Jakarta - Ketua DPR Bambang Soesatyo atau Bamsoet mengatakan Rancangan Undang-Undang Penghapusan Kekerasan Seksual (RUU PKS) tidak akan disahkan DPR periode ini mengingat mepetnya waktu pembahasan RUU itu dengan masa bakti anggota dewan akan berakhir pada akhir September 2019.
"Saya sudah berkoordinasi dengan pimpinan Panja terkait, karena waktunya yang pendek dan masih banyak masalah yang belum selesai dibahas, maka kita putuskan ditunda," kata Bamsoet lewat keterangan tertulis yang diterima Tagar.id pada Kamis, 26 September 2019.
Saya mendengar dari Ketua Panja P-PKS bahwa sampai saat ini untuk judul RUU saja belum ada kesepakatan. Sehingga tidak bisa diteruskan karena waktu yang pendek.
Politikus Partai Golkar ini menyebut pembahasan RUU PKS akan digulirkan pada masa jabatan DPR periode 2019-2024 yang akan dilantik pada 1 Oktober mendatang. Dia mengaku, DPR saat ini fokus terhadap RUU yang belum selesai setelah mengesahkan revisi UU Peraturan Pembentukan Perundangan-undangan (P3).
Saat ini DPR dan pemerintah sepakat membentuk tim perumus (timus) membahas RUU PKS. Timus RUU PKS bakal efektif bekerja di periode mendatang.
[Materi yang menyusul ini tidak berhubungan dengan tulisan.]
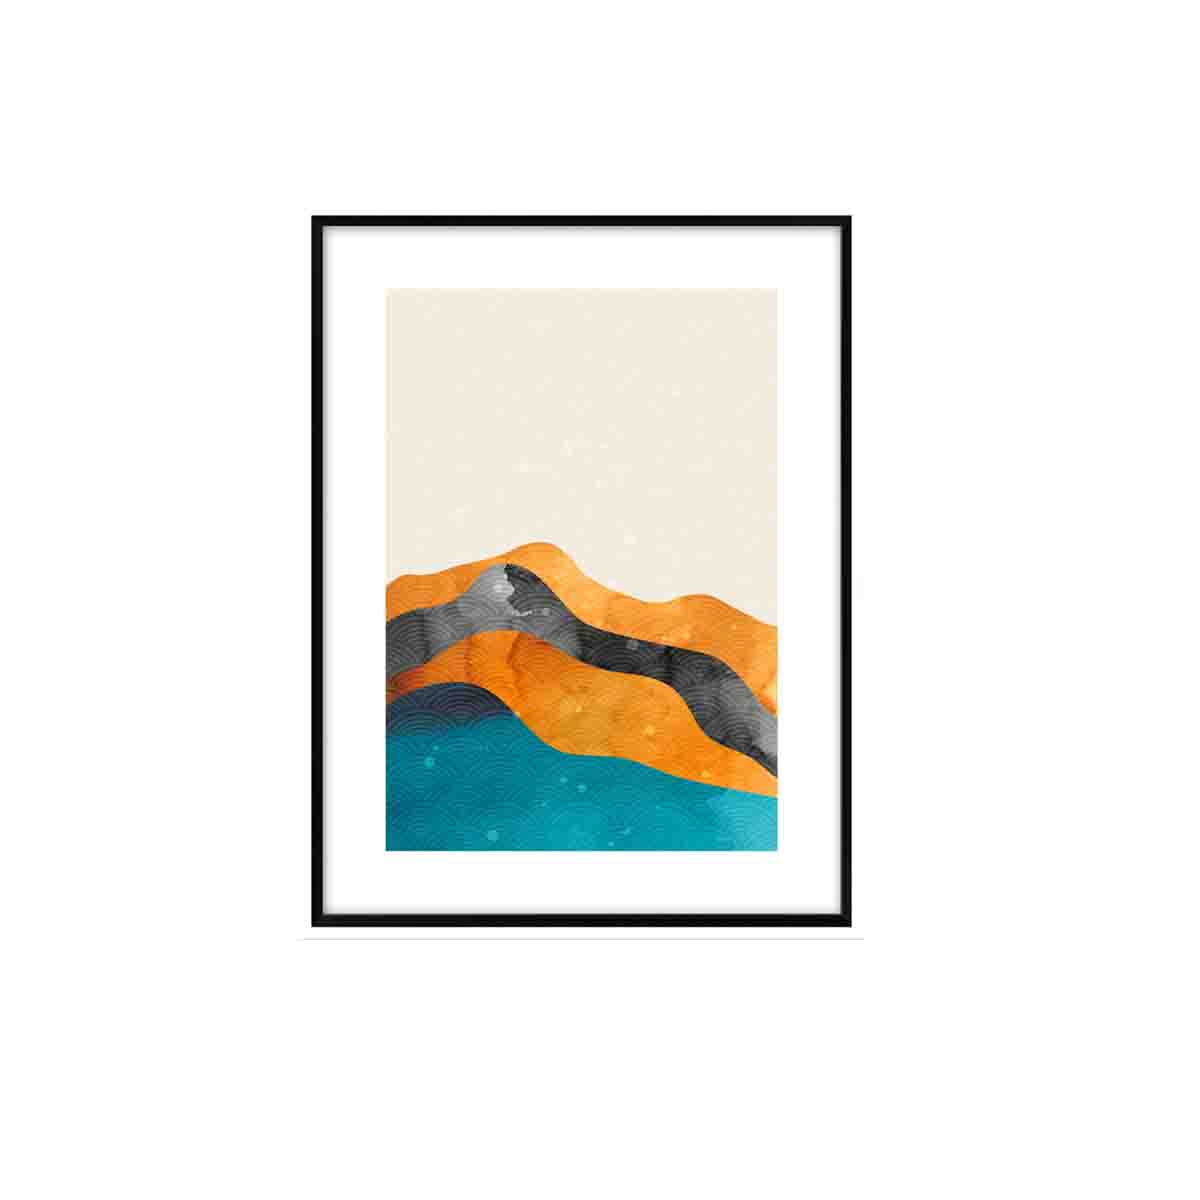 Obraz DENVER z górską abstrakcja 40,8x30,8 cm

"Saya mendengar dari Ketua Panja P-PKS bahwa sampai saat ini untuk judul RUU saja belum ada kesepakatan. Sehingga tidak bisa diteruskan karena waktu yang pendek," ujar Bamsoet.
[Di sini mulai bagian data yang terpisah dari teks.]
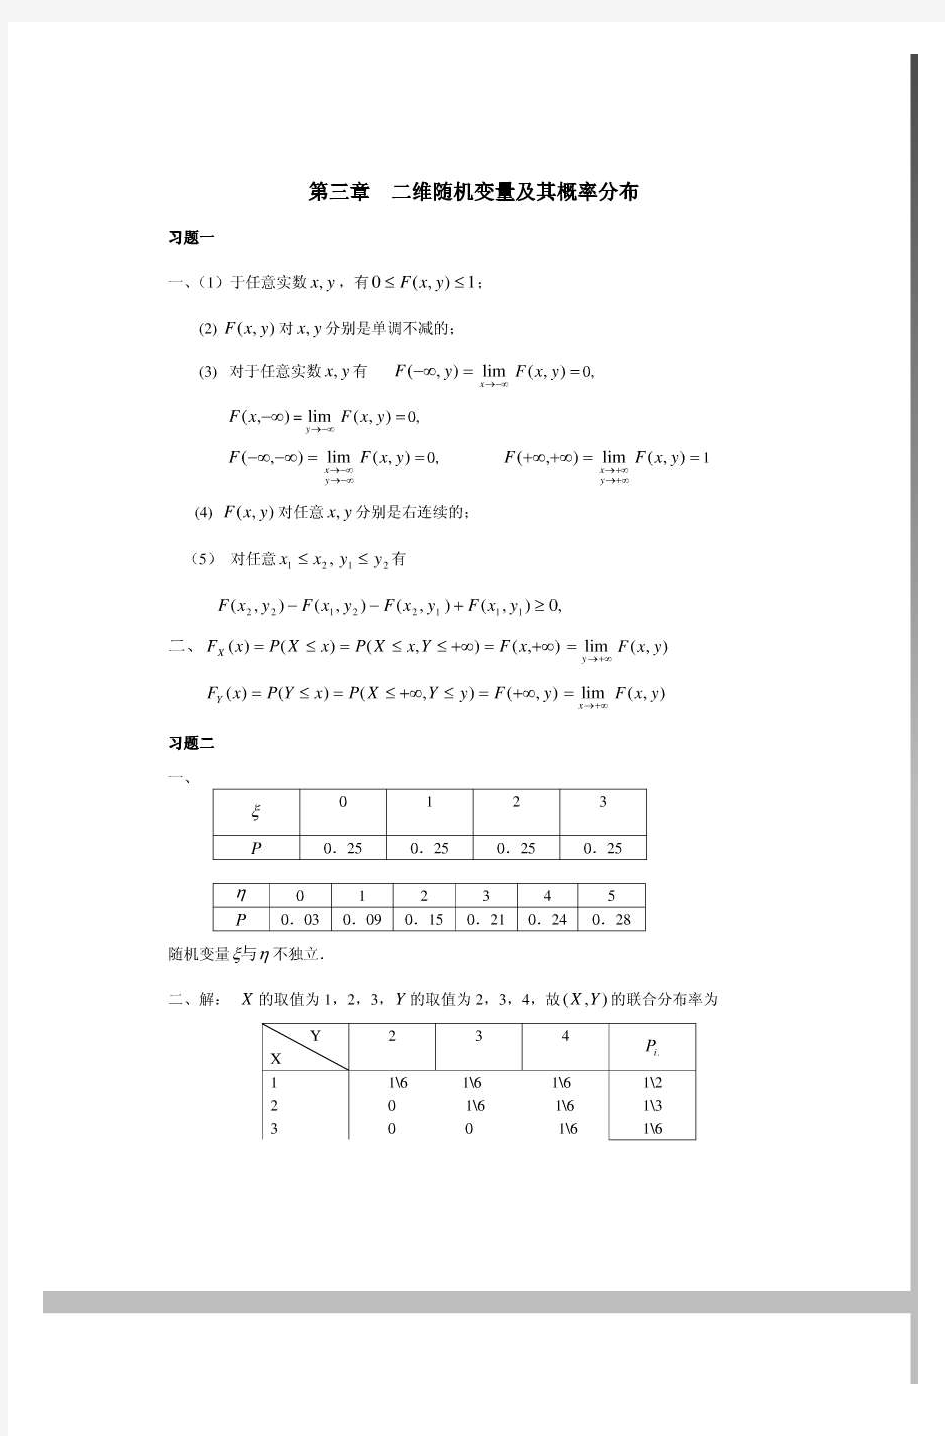 第三章习题答案  二维随机变量及其概率分布(1)

Sebelumnya, panitia kerja (Panja) DPR RUU PKS bersama pemerintah sepakat membentuk Timus yang akan bertugas membahas seluruh Daftar Inventarisasi Masalah (DIM) dan seluruh pasal dalam draf RUU tersebut.
"Kami selama ini belum sampai kesepahaman substansi, baru pada untuk percepatan tata cara membuat maka dibentuk Timus," kata Ketua Panja RUU PKS, Marwan Dasopang, di Kompleks Parlemen Senayan, Jakarta, pada Rabu, 25 September 2019, seperti dikutip dari Antara.
Menurut dia, Timus akan baru efektif bekerja pada keanggotan DPR periode 2019-2024 karena harus membahas lebih rinci tentang substansi pasal per-pasal pada RUU PKS serta harus tercapai kesepakatan antara DPR dengan pemerintah.
"Timus akan merumuskan perbandingan antara ketentuan pidana dalam RUU PKS dengan Rancangan Kitab Undang-Undang Hukum Pidana (RKUHP)," ujarnya.